Torniamo alla domanda iniziale e stendiamo qualche riga biografica sul personaggio. Nato nel 1823 nella frazione di Fornacette (appartenente al comune di Calcinaia, in quel di Pisa) e scomparso a Pistoia nel 1896, Narciso Feliciano Pelosini divenne noto come avvocato e brillante oratore, docente di Diritto penale all’Università di Firenze ed Accademico della Crusca, fu deputato dal 1882 al 1890 e quindi venne senatore del Regno. Fortemente critico nei verso l’unificazione sabauda e sostenitore del “buon tempo antico” di leopoldina memoria, egli utilizzò la letteratura popolare proprio per rappresentare in termini semplici ed accessibili a tutti le disgrazie connesse al nuovo regime istituzionale in Toscana (come nel resto della Penisola).
Un volgare reazionario? No, piuttosto un acuto osservatore delle trasformazioni cui assisteva ed un “tradizionalista” ben radicato nel territorio che gli aveva dato i natali, come suggerisce un successivo saggio dedicato a Ricordi, tradizioni e leggende dei monti pisani. Personaggio dal vivace temperamento, grande amico di Giosué Carducci (anche se suo avversario politico alle elezioni del 1875 nel collegio elettorale di Pisa) e fiero nemico del nuovo governo di Roma (non potendo dimenticare l’”insulto” di Porta Pia), sul finire della vita cedette alla consolidata realtà politica accettando il laticlavio: e grazie ad esso ricevette – ironia della sorte – gli onori di un funerale di Stato.
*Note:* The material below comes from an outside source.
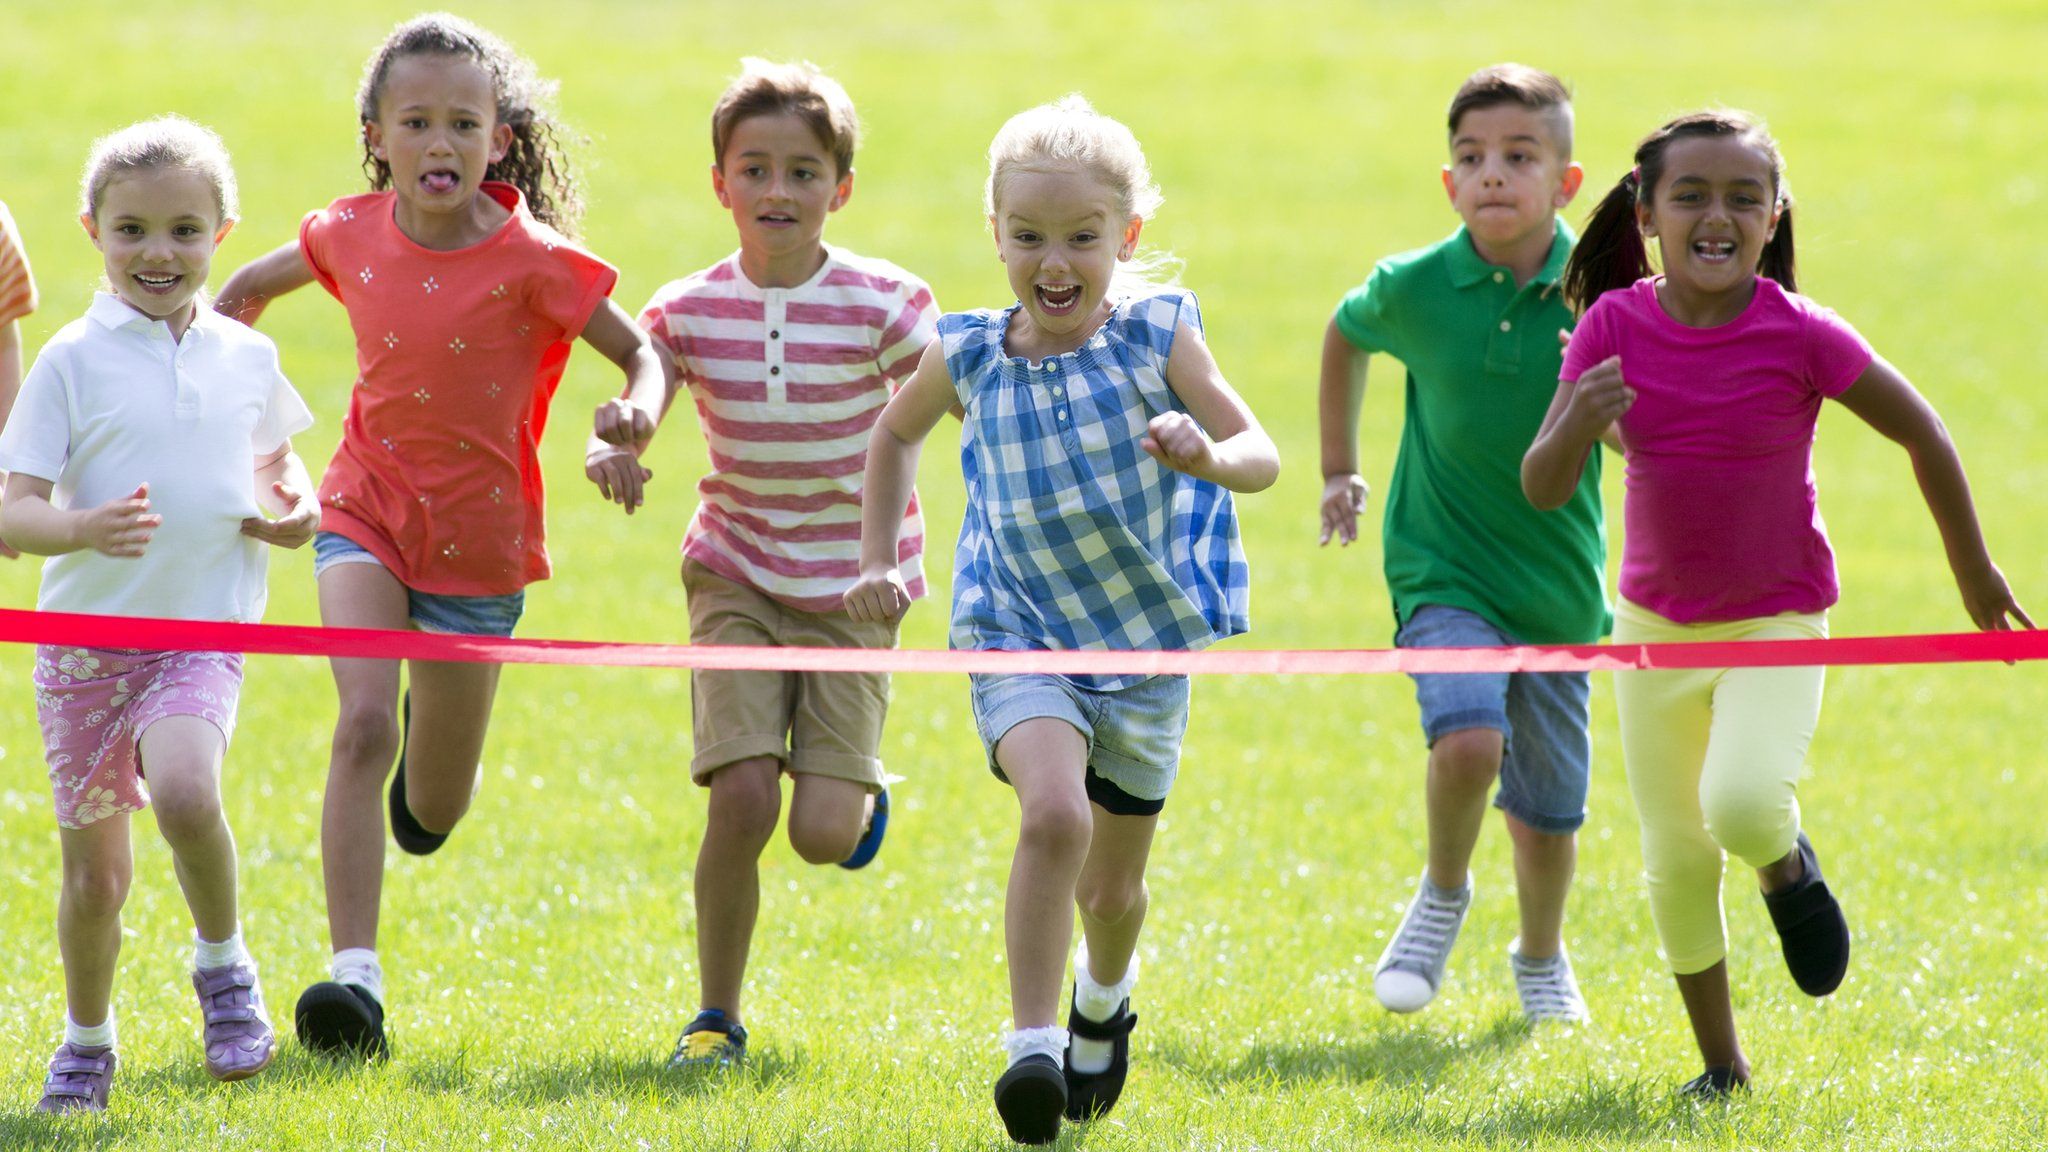 Children running a race

E veniamo a Maestro Domenico, un curioso racconto nel quale si immagina che il protagonista dorma magicamente per un lungo periodo, addormentandosi (molto) prima del 1859 e svegliandosi nel 1870: la sua paradisiaca Toscana granducale è diventata una provincia del Grande Piemonte, che si fa chiamare Regno d’Italia e per lui, onesto falegname nonché, dato che sa leggere e scrivere, insegnante privato e all’occorrenza scrivano, inizia l’inferno.
Un inferno fatto di prezzi altissimi, di tasse decuplicate, di regole e di multe (e viene alla mente il protagonista de Il pezzente ’e san Gennaro, poesia “borbonica” di Salvatore Russo, pubblicata successivamente), ma soprattutto del disprezzo nei confronti di ciò che il buon Maestro Domenico ha di più caro: il senso religioso, trasformato in «una piccolezza… un pregiudizio dei tempi antichi». È un mondo in cui «non c’è più religione, né timor di Dio», in cui le congregazioni sono non tanto abolite, quanto addirittura decadute, perché «i giovani si vergognerebbero a venire al mattutino e alla buona morte».
Niente meglio dello stupore attonito di Maestro Domenico – che non ha vissuto il pur veloce evolversi degli eventi, ma subisce lo choc della immediata consapevolezza – per comprendere quale violento mutamento sia stato imposto alla società italiana con il Risorgimento. «Proprio come ai tempi dei Francesi?» chiede stupefatto il Nostro, memore dei racconti sull’invasione giacobina del 1799 e dintorni. «Anche peggio» gli viene risposto.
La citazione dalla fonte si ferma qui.